Solved – Variations in time series

time series

I'm trying to do some really simple Time Series work. I started off looking at monthly counts but the more I thought about it (and the more I read posts by IrishStat) the more I realised my view of this was fundamentally flawed. My main reason for thinking this is the plethora of timing issues there are with using monthly aggregate figures:

  • Varying month length
  • Varying numbers of weekdays
  • Weekends
  • Holidays

But what gets me is that this must be a really common issue, I mean practically every big company out there must have an executive report that includes monthly figures. How does one balance for the discrepancies between the months you are comparing?

I'm using R to slowly crawl through this stuff and currently I'm just looking at cross correlations with lag. I've looked at decomposition and how to adjust for seasonality but how does one adjust for dates that you know will have an effect on business activity? Is there a way to integrate a list of dates that should be treated differently or somehow compensate for the number of weekend/holiday days in a month (or in a week, or in a year)?

A general explanation of the concept would be much appreciated.

Edited to make the question more succinct:

I am looking at a time series of monthly counts. 2 examples from this time series would be:

  • February 2012 is 29 days long, has 8 weekend days and zero public holidays
  • May 2013 is 31 days long, also has 8 weekend days but also has 2 public holidays

How would I compare them without having my conclusions adversely affected by their differences?

  • I could divide by days in month but this doesn't take into account holidays
  • I could divide by working days in month, but this doesn't differentiate between a holiday and a weekend.

Best Answer

You asked for a general explanation of the concept. Your comments about the current status of forecasting at three levels of aggregation is dead on ! My answer may not precisely deal with some of your specific interests as you have focused on some distractions but I thought that I would share the follwing with you. I was asked to discuss how software I had helped write could deal with and accomodate monthly vs weekly vs daily forecasts.

My response was in three parts : A. Overall comments on weekly versus monthly B. The argument for parsing the momrhly forecast to dai;ly using simple ratios C. The argument against #2 and FOR daily forecasts to be DIRECTLY developed and then used to make weekly and/or monthly forecasts.

Response A)

Monthly:

Advantages – Fast to compute, easier to model, easier to identify changes in trends, better for strategic long term forecasting

Disadvantages – If you need to plan as the daily level for capacity, people and spoilage of product then higher levels of forecasting won’t help understand the demand on a daily basis as a 1/30th ration estimate is clearly insufficient.

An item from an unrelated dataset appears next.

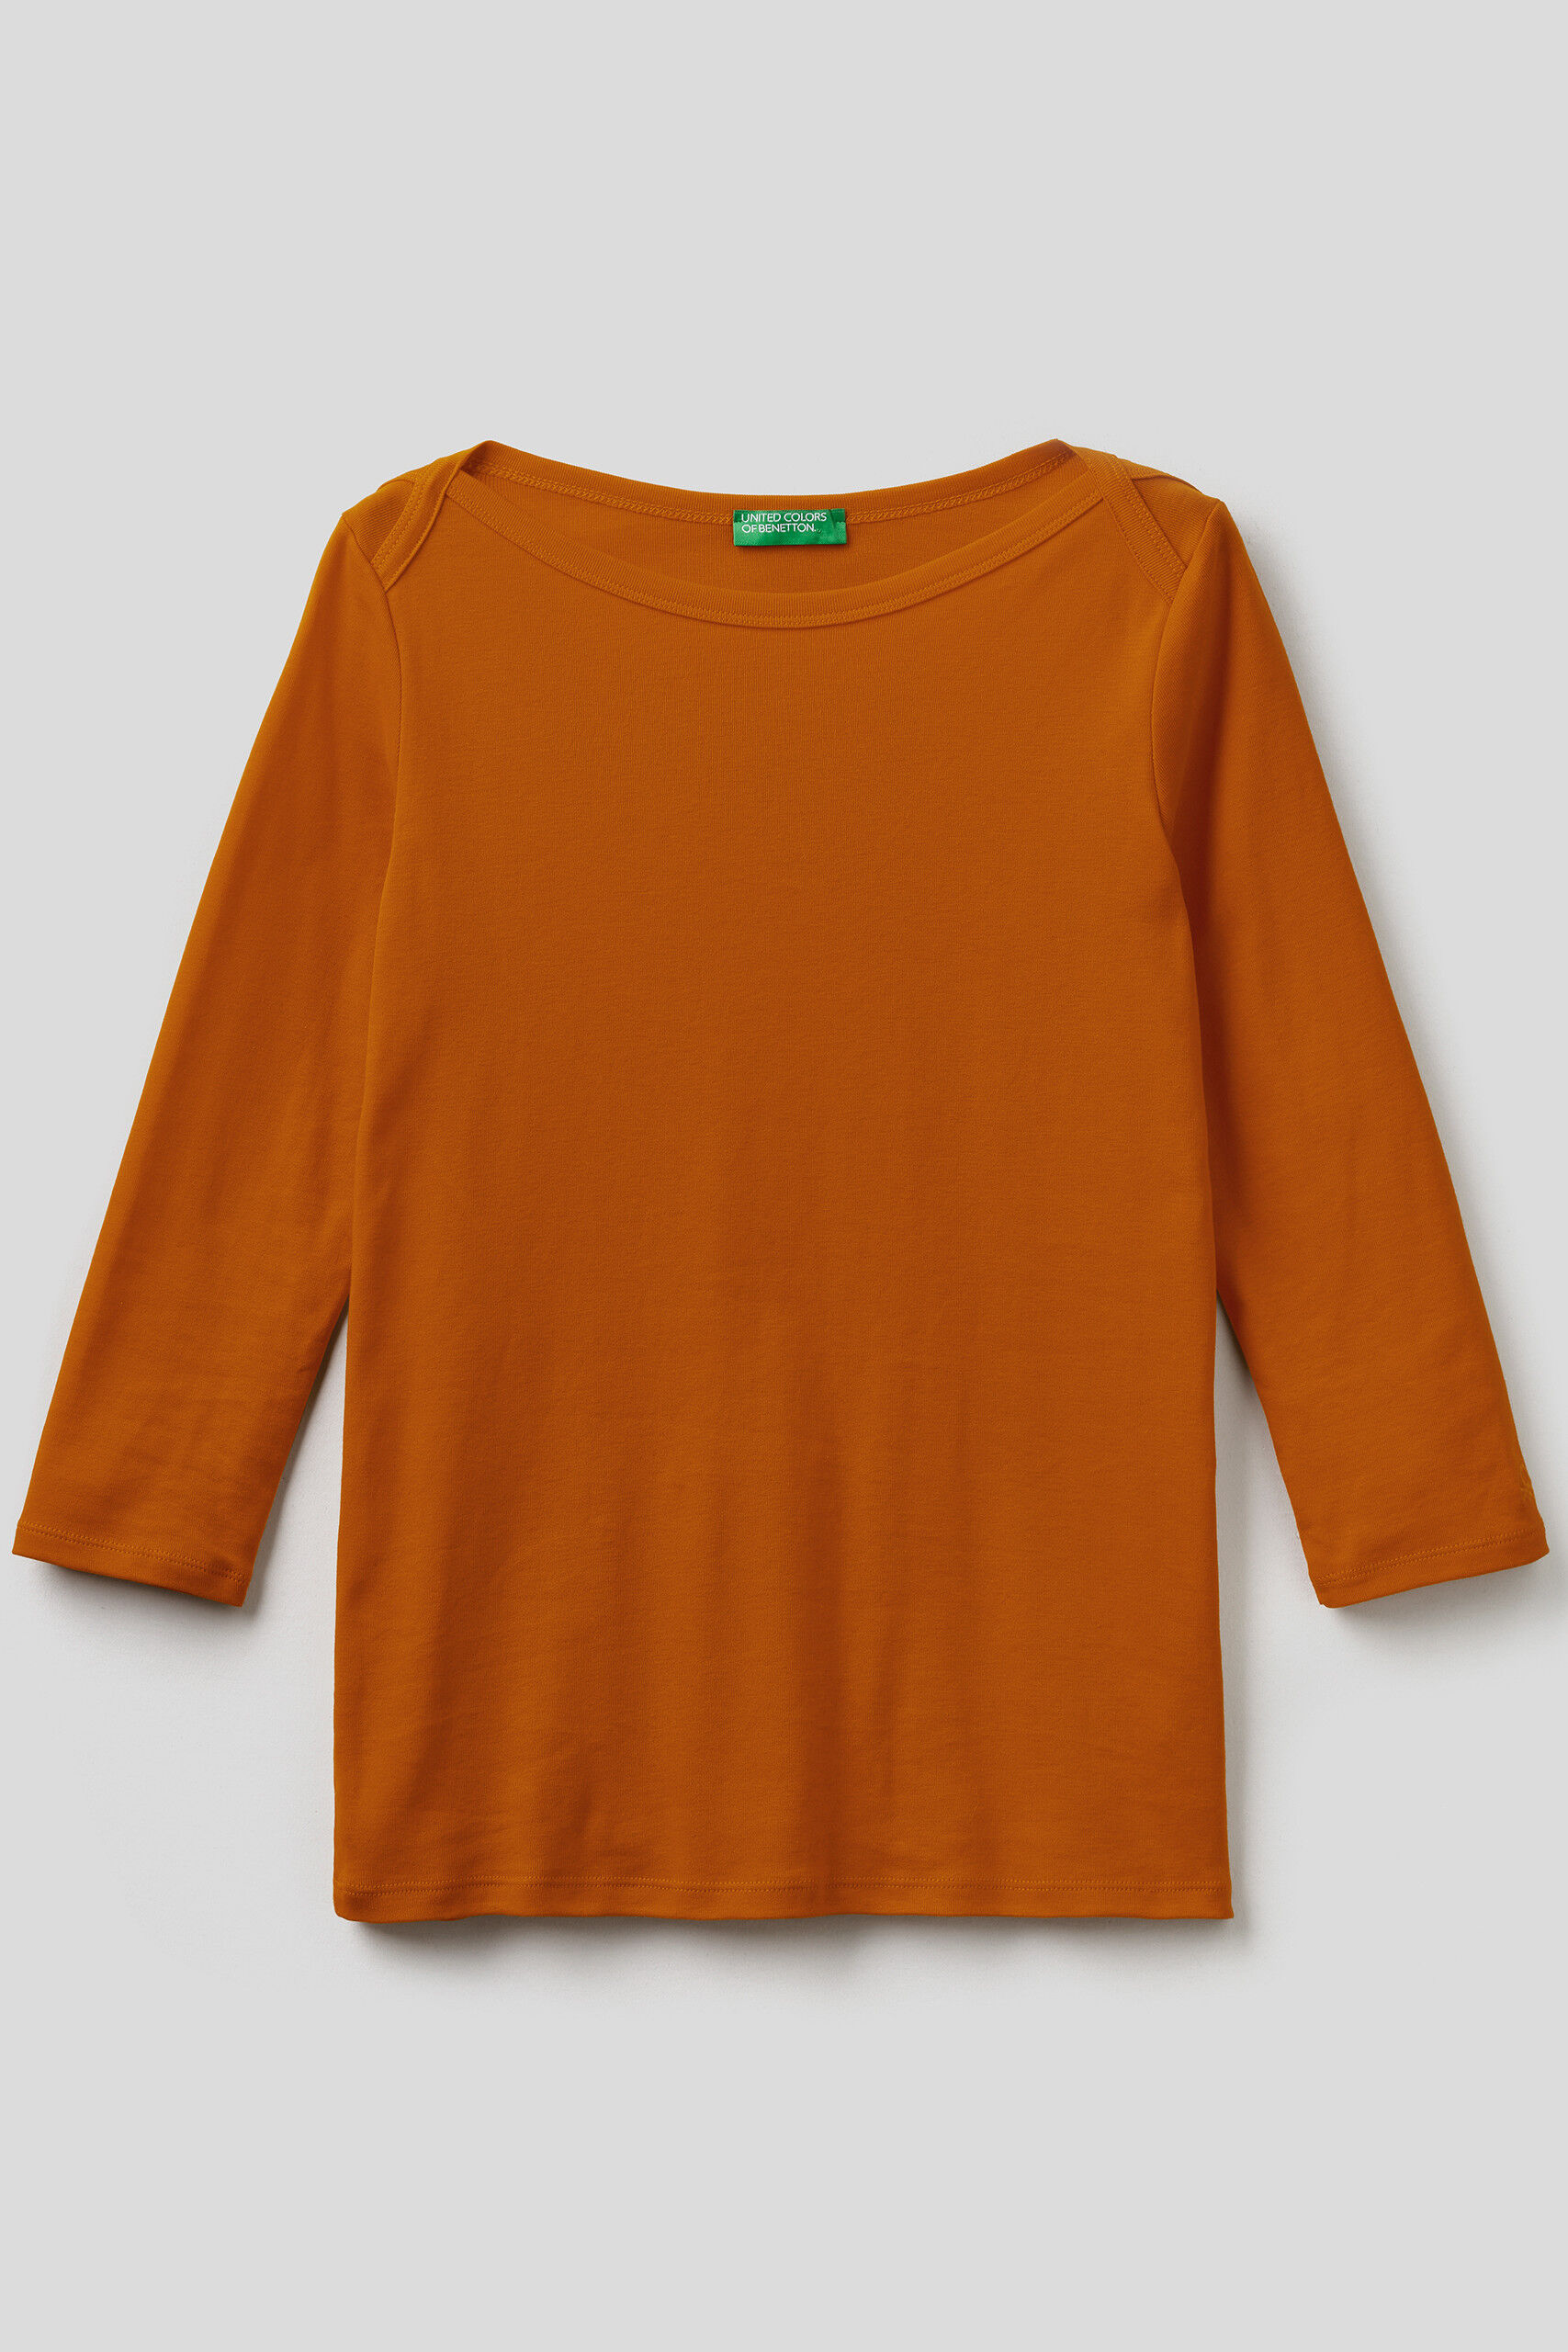 New Collection Women's Apparel | Benetton
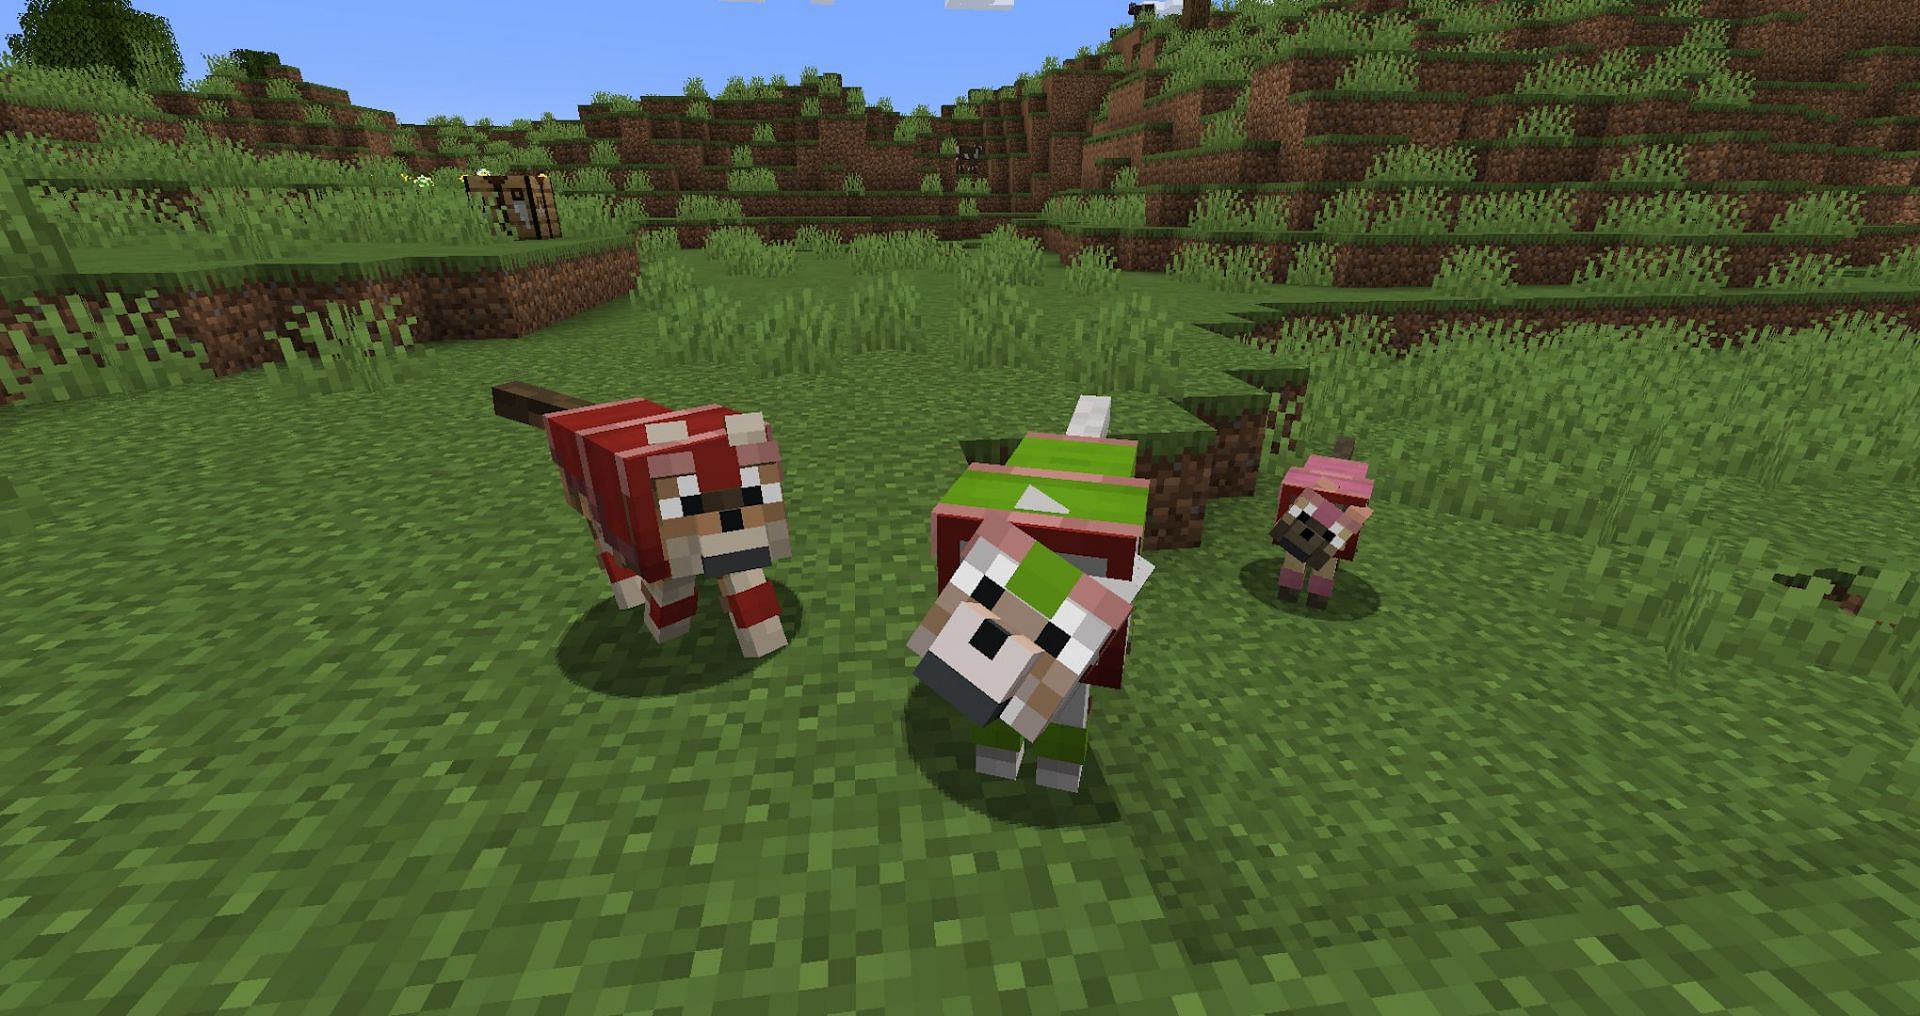 A group of tamed wolves with dyed armor. (Image via Mojang)

Causal variables that change on a frequent basis (ie daily/weekly – price, promotion) are not easily integrated into monthly analysis

Integrating Macroeconomic variables like Quarterly Unemployment requires an additional step of creating splines.

Weekly:

Advantages – When you can’t handle the modeling process at a daily level you “settle” for this. When you have very systematic cyclical cycles like “artic ice extents” that follow a rigid curve and not need for day of the week variations.

Disadvantages – Floating Holidays like Thanksgiving, Easter, Ramadan, Chinese New Year change every year and disrupt the estimate for the coefficients for the week of the year impact which CAN be handled by creating a variable for each.

The number of weeks in a year is subject to change and creates a statistical issue due to the fact that every year doesn’t have 52 weeks. We have seen the need to allocate the 53rd week to a “non-player” week to make the data a standard 52 week period which is workable, but disruptive compared to daily data.

Causal variables that change on a frequent basis (ie daily/weekly – price, promotion) are not easily integrated into monthly analysis

Integrating Macroeconomic variables like Quarterly Unemployment requires an additional step of creating splines.

Response B) ( tongue-in-cheek answer )

Assuming you had the daily data in a data warehouse and you wanted to develop daily from the monthly forecasts.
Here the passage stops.